Conforme o economista sênior da LCA Consultores Bráulio Borges, nos ciclos de altas de preços das commodities, os países exportadores costumam se beneficiar de efeitos indiretos importantes. Entre eles, nas economias com câmbio flutuante, o dólar cai quando os preços das matérias-primas sobem. Isso torna o país mais “rico” ante as outras nações, favorece investimentos em maquinário importado e amortece a transmissão da alta de preços de matérias-primas para a inflação doméstica.
O problema é que o dólar subiu de patamar no Brasil durante a crise atual. Descolado das moedas de outros emergentes, o real segue depreciado, mesmo com o boom de preços de commodities, pressionando a inflação por aqui. Economistas têm listado vários fatores para explicar o fenômeno, como o elevado desequilíbrio das contas públicas, a tendência de alta na dívida pública, as crises políticas em torno do governo federal, o nível historicamente baixo dos juros básicos e o descontrole no enfrentamento da pandemia.
“Se os efeitos indiretos não funcionam, o impacto positivo do ciclo de alta de preços das commodities é mitigado”, diz Borges.
Apesar disso, as projeções coletadas pelo Banco Central (BC) na edição mais recente do boletim Focus apontam para exportações de US$ 230,1 bilhões este ano e superávit histórico de US$ 59 bilhões na balança comercial.

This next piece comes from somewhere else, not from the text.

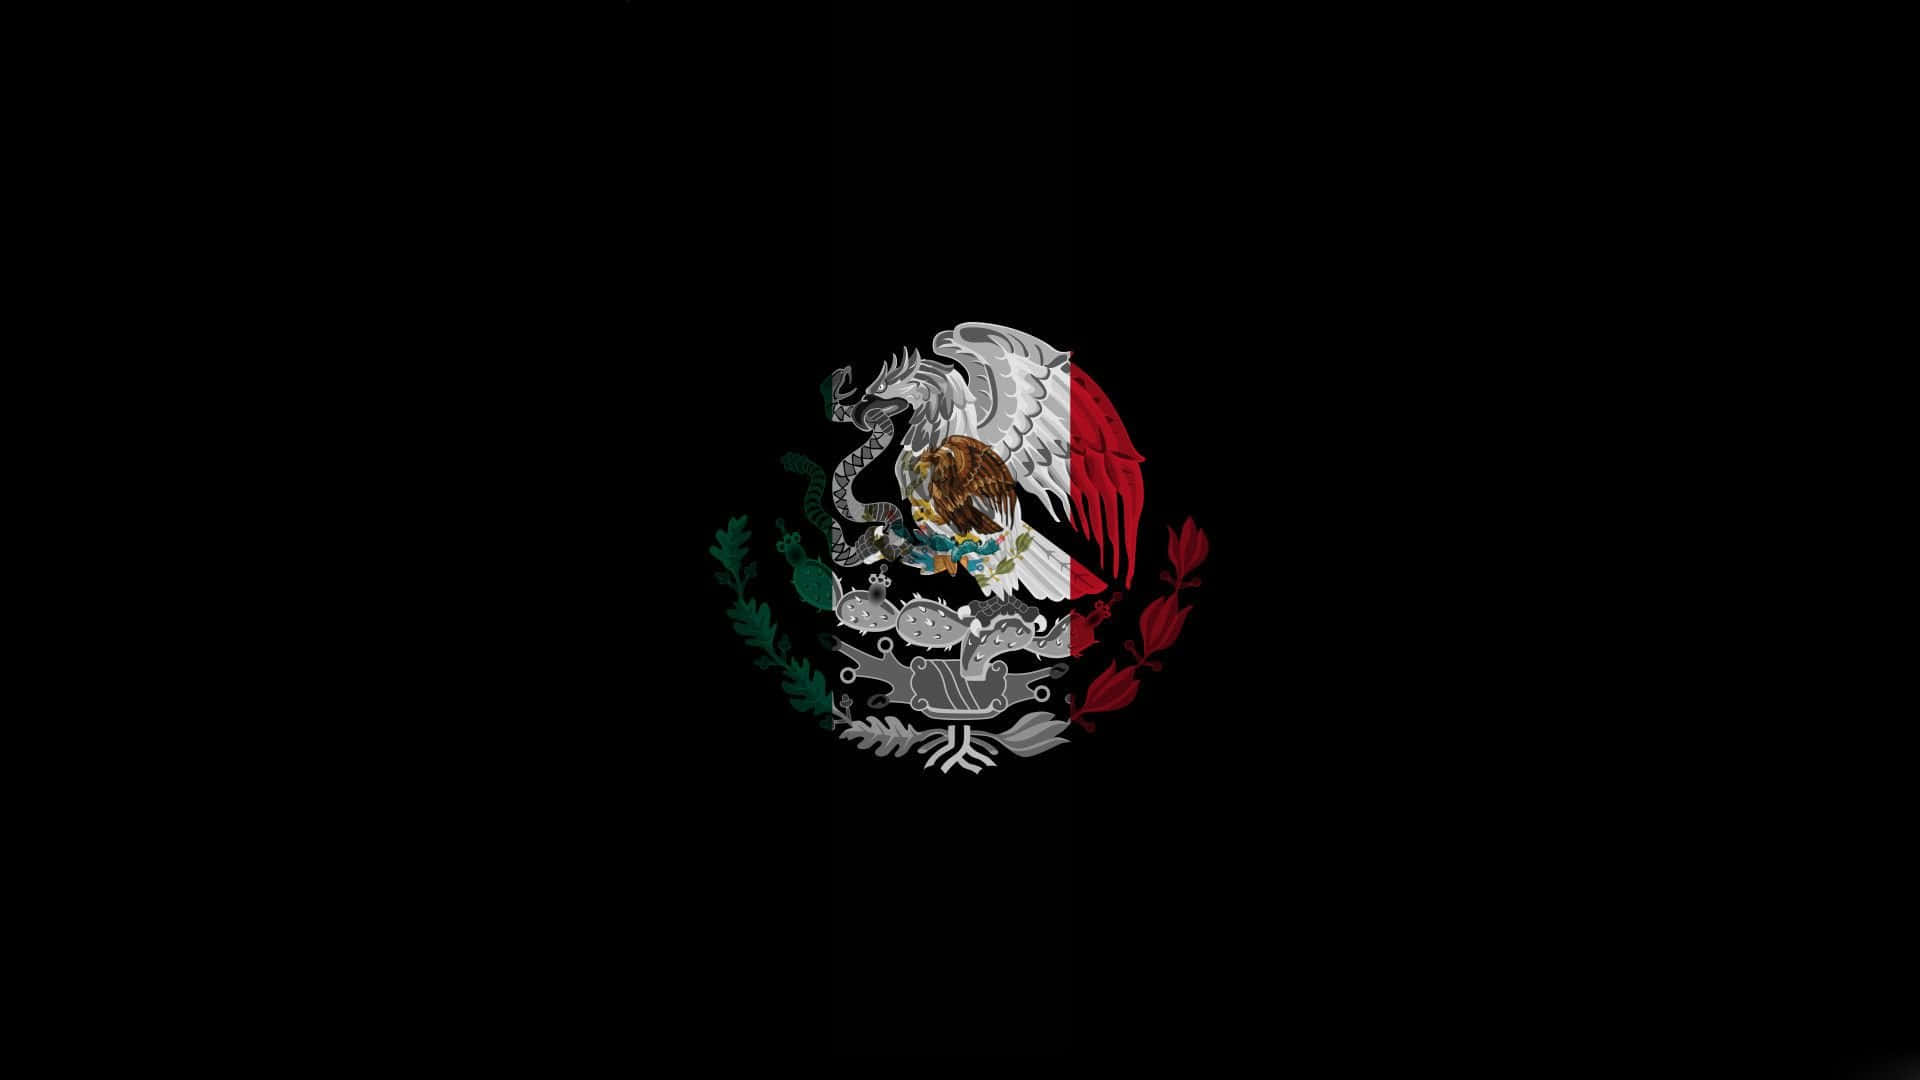 Enjoying a great win with Mexican Soccer 🇲🇽 Wallpaper

Com isso, deverá haver superávit no balanço de pagamentos – que engloba todas as trocas com o exterior. Segundo Borges, isso não gera crescimento econômico, mas permite atrair recursos de investidores externos e acumular mais reservas cambiais. Também gera uma pressão para a queda do dólar no futuro. Sem reservas e com elevada dívida externa, diante do desequilíbrio fiscal, a crise poderia ser bem pior no Brasil.